A Greensboro home that stayed at $300,000 would owe about $1,749 in city tax under Trey Davis’ proposed rate, down from $2,017.50 last year. But a house that jumped from $250,000 to $325,000 in Guilford County’s revaluation would still see the city bill rise to about $1,894.75, even with the rate cut.

That is the tension inside Davis’ recommended $913.2 million budget for fiscal year 2026-27. The plan would lower Greensboro’s property tax rate to 58.30 cents per $100 of assessed value, down 8.95 cents from 67.25 cents, but the city says its revenue-neutral rate is about 48 cents, or roughly $1,440 on a $300,000 home. Guilford County’s 2026 reappraisal took effect Jan. 1, and new values will show up on July tax bills after notices are mailed early in the year. North Carolina law requires counties to appraise property at 100% of market value and to reappraise at least every eight years.

AI-generated illustration
AI-generated illustration

Davis’ proposal includes a $485.9 million General Fund and a compensation package aimed at keeping city pay competitive. It would add a 2.5% cost-of-living adjustment, average merit raises of 1.5% for general employees, and 4% step increases for sworn public safety employees.

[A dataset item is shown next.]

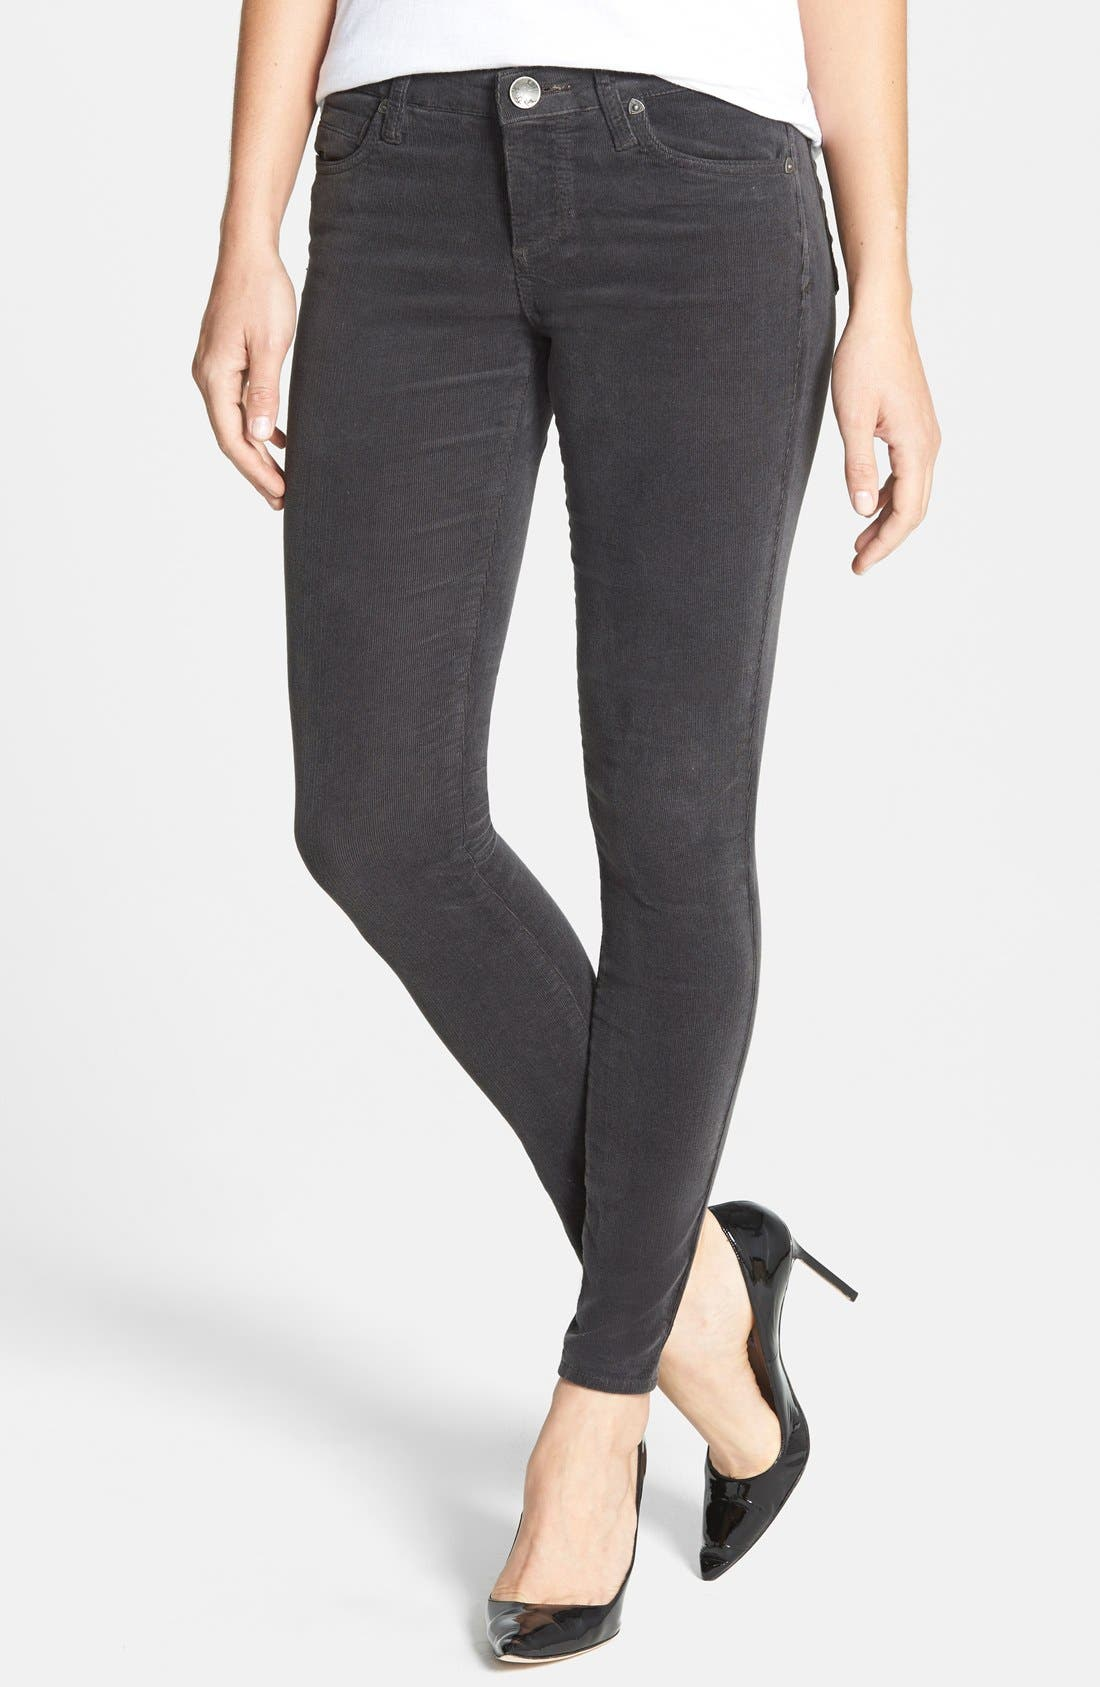 Alternate Image 1 Selected - KUT from the Kloth Diana Stretch Corduroy Skinny Pants (Regular & Petite)

Minimum pay would rise from $20 to $21.25 an hour for benefited employees and from $17.21 to $18 an hour for roster employees.

Data visualization chart
Data Visualisation

Public safety sits at the center of the spending plan. The budget keeps money flowing to police, fire, emergency communications, behavioral health response, Guilford Metro 911, contracted security, animal control, fire service agreements, major equipment and public safety technology. It also protects core operating areas that touch daily life in Greensboro, including streets, facilities, utilities, stormwater, water and sewer, solid waste and capital planning.

Housing remains another major line of investment. The budget continues support for homeowner assistance, down-payment help, housing preservation, multifamily production and the Road to 10,000 housing initiative. Those efforts tie back to Housing GSO, the city’s 10-year affordable housing plan approved in 2020, which focuses on affordable rental homes, neighborhood reinvestment, homeownership access and supportive housing.

The new proposal is also notably larger than the $830.6 million budget Greensboro adopted on June 17, 2025, when Council kept the tax rate at 67.25 cents and backed continued work on public safety and infrastructure. That earlier budget included water-main rehabilitation, sewer work, street resurfacing, stormwater improvements and bridge repair.

The Greensboro City Council will hold a public hearing on June 2 and is scheduled to consider final adoption on June 16, just as Guilford County’s roughly 222,000-parcel reappraisal keeps reshaping what the city’s lower rate will mean at the kitchen table.